Hsiu-Chuan Lee, Chih-Hsiang Hsu and Cheng-Yi Chien
The purpose of this paper is to investigate volatility spillovers across the interest rate swap markets of the G7 economies, and then the authors investigate whether spillovers of…
Abstract
Purpose
The purpose of this paper is to investigate volatility spillovers across the interest rate swap markets of the G7 economies, and then the authors investigate whether spillovers of swap markets contain useful information to explain subsequent stock price movements.

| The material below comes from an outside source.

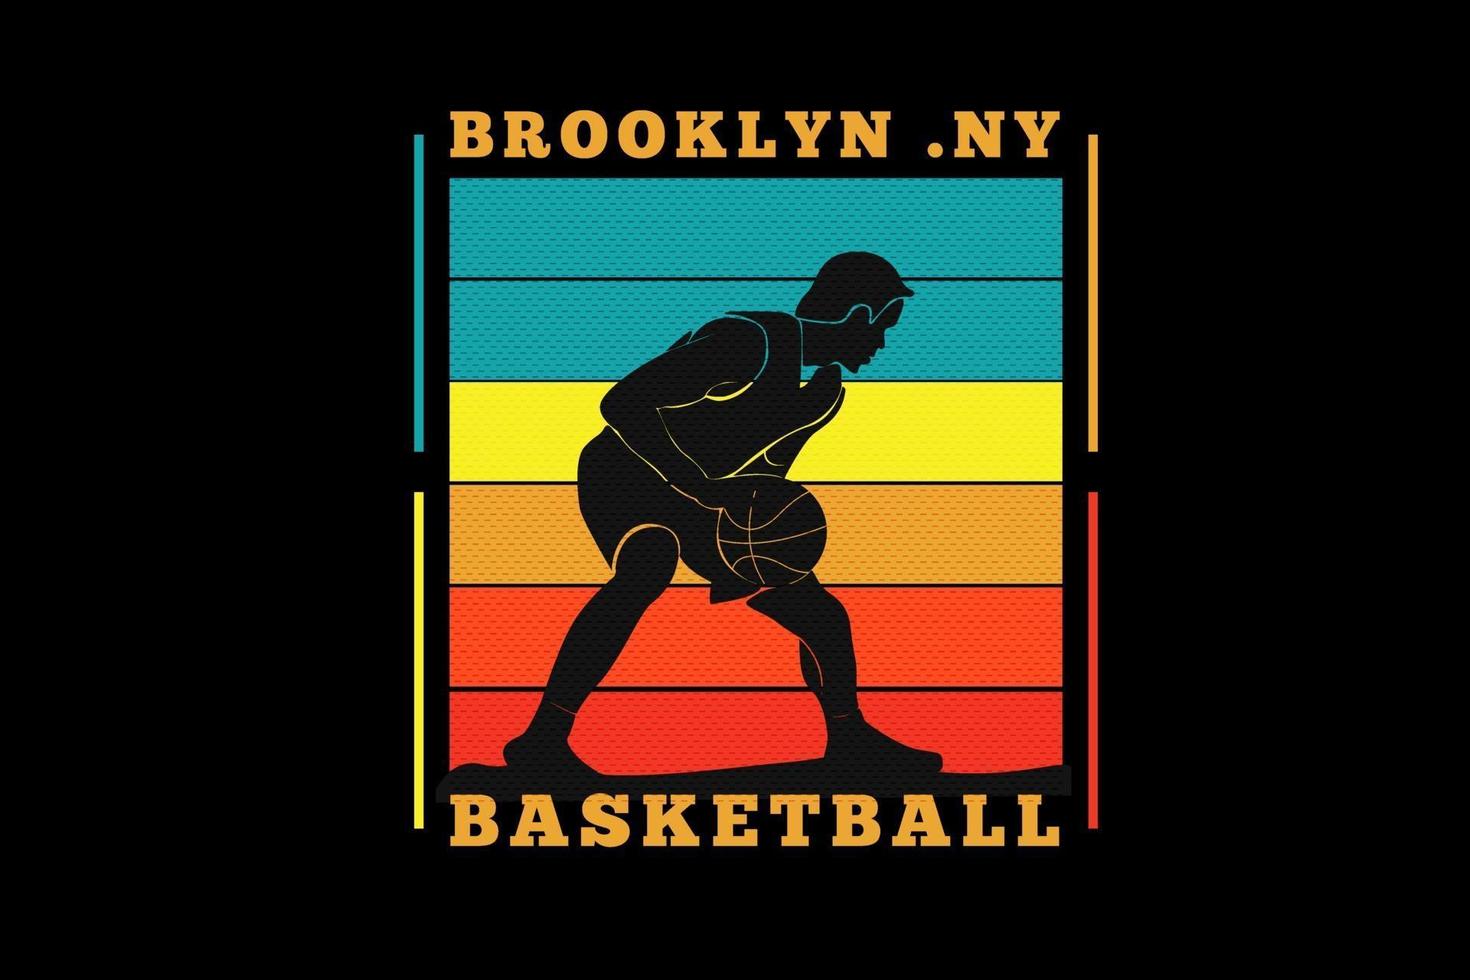 conception de silhouette de basket-ball de brooklyn vecteur
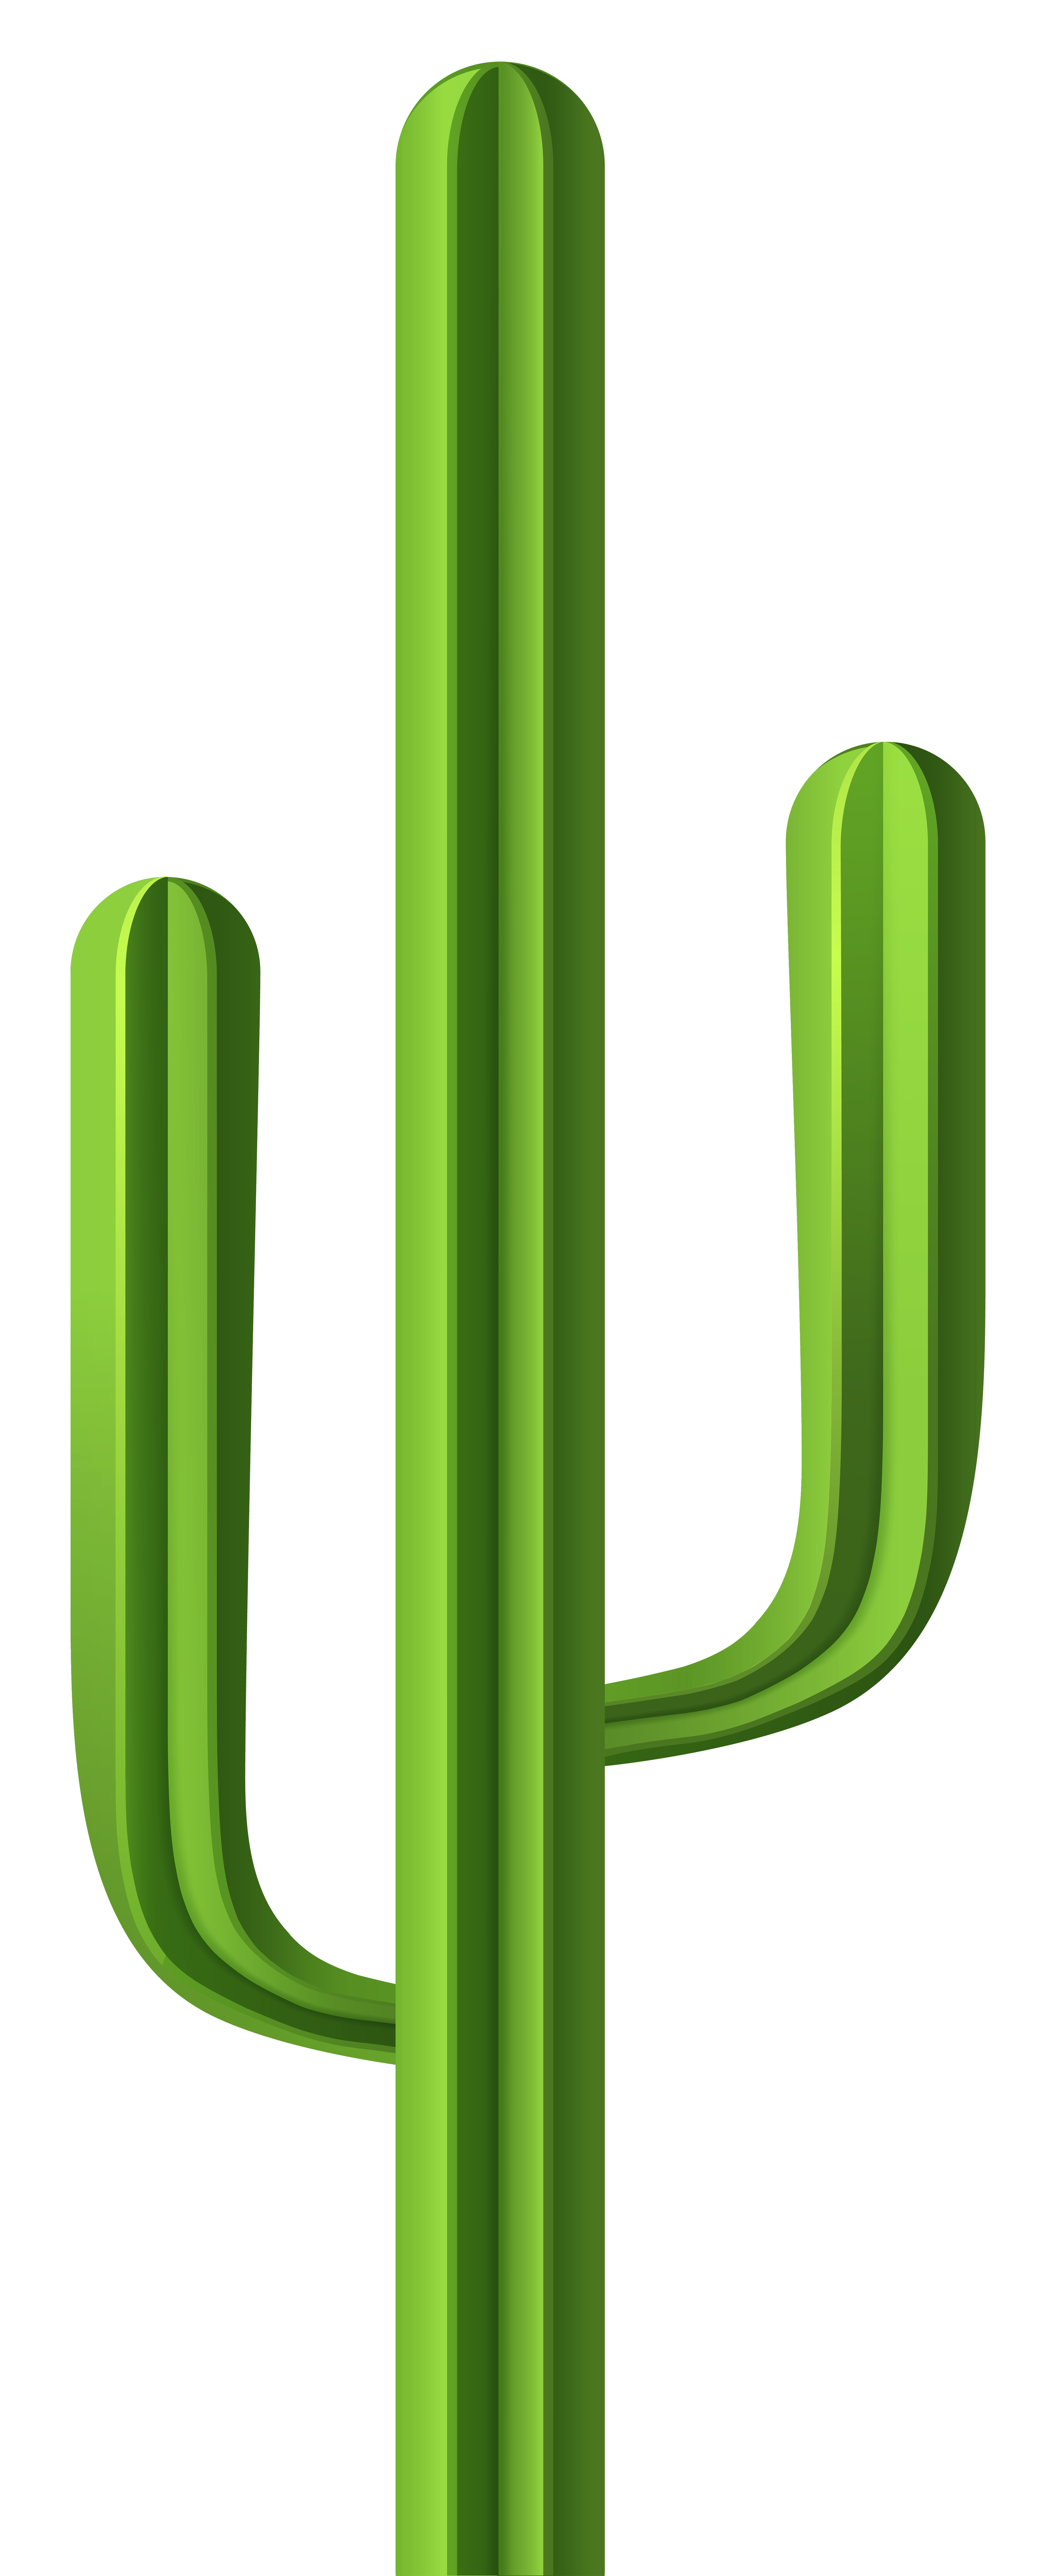 Cactus PNG Clip Art Image

Design/methodology/approach
This study uses the short- and long-term swap spread volatility of the G7 countries to explore the spillover effects of international swap markets, and then investigates the relationship between swap and stock markets. The authors use the generalized VAR approach suggested by Diebold and Yilmaz (2012) to study spillovers of international swap markets. The Granger-causality tests are employed to examine the linkage of interest rate swap and stock markets.
Findings
This paper shows that a moderate spillover effect exists for the short- and long-term swap markets. Moreover, the results show that the short- and long-term swap markets of France and Germany have a larger impact on other countries’ swap markets than that of other countries’ swap markets on the French and German swap markets. Finally, the results indicate that the total volatility spillovers for the long-term swap markets have a larger influence on the total volatility spillover index of stock markets and the global stock market volatility than that of the short-term swap markets.
Originality/value
Prior literature has used impulse response and variance decomposition analyses to investigate international swap markets linkages. However, the results depend on the ordering of variables. This study uses the framework of Diebold and Yilmaz (2012) to overcome the ordering issue, and thus the authors can compute directional spillovers. This paper is the first study to explore the linkage of the total volatility spillover of swap markets and the stock markets.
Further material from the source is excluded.